5 Mobile Threat Trends You May Have Missed12:00 PM EST Thu. Jul. 11, 2013
The latest mobile threat trend reports highlight few new trends on the threat landscape. Android devices pose the greatest risk to the corporate network, and all mobile devices pose the danger of data leakage. But a few interesting mobile security trends can be gleaned from the latest threat report issued by Juniper Networks. Here are five findings gathered from the data that are not often highlighted in media reports about mobile device attacks and smartphone security trends.
Corporate data exposure as the result of a lost and stolen mobile device is among the chief concerns of most CISOs, according to security experts. Juniper said its analysis of its mobile security suite user base found that only 1.5 percent had to wipe data from the devices, "suggesting that the majority of lost devices are eventually found."
A key point on remote wiping advocated by security policy experts: Tell employees to first phone the IT desk if their mobile device is lost or stolen. If the cell carrier takes the device offline, IT teams won't be able to wipe it.
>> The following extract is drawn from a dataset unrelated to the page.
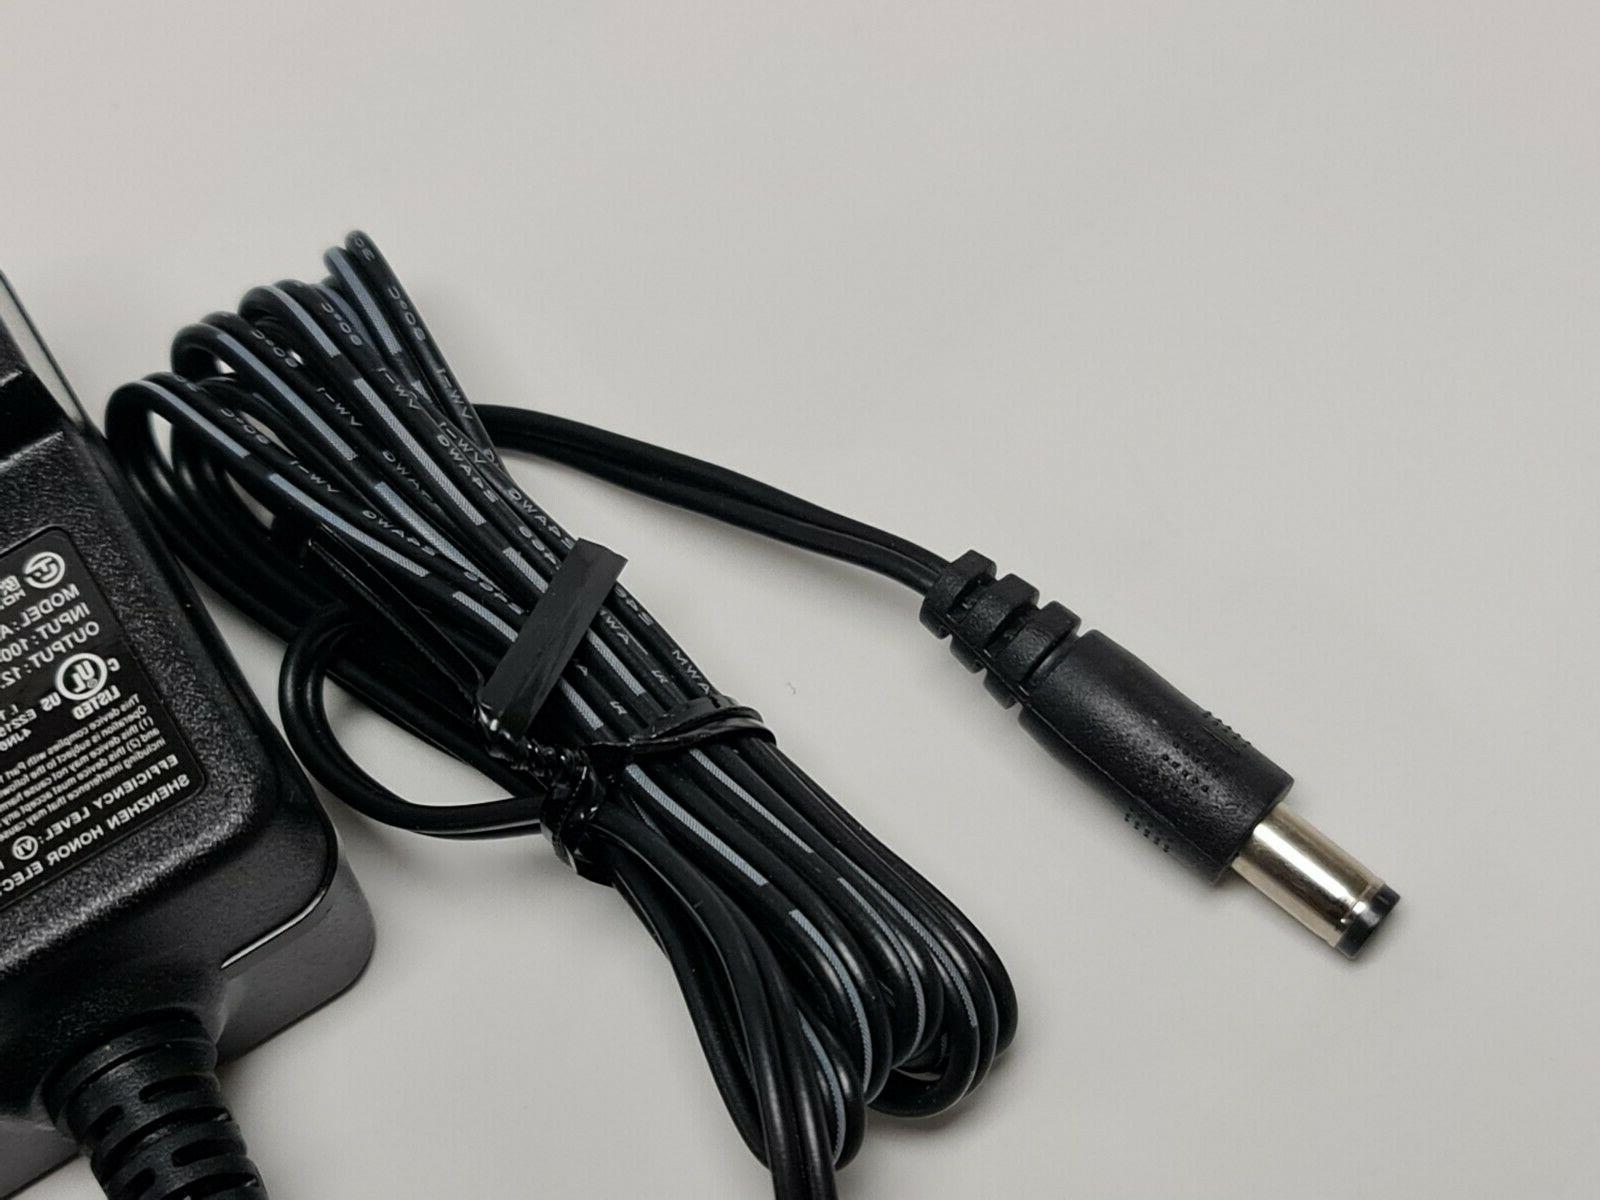 LOREX ORIGNAL 4K 60 12VDC Power For LOREX Cameras

Juniper said its mobile researchers found evidence of at least one infection on 3.1 percent of enterprise mobile devices running Junos Pulse, the company's corporate mobile security suite.
Most of the infections are risky mobile apps labeled as spyware. The company said the infection raises the alarm about the potential for cybercriminals to target corporate data through a mobile device attack.
Juniper said 92 percent of mobile malware targets Google Android, making it the most attacked mobile platform. Juniper points out that 77 percent of Android threats could be eliminated if all Android devices had the latest OS. Currently, only 4 percent of Android devices are running Jelly Bean, the mobile platform's latest version. This is due to a variety of factors, including the fact that Android runs on a wide variety of hardware.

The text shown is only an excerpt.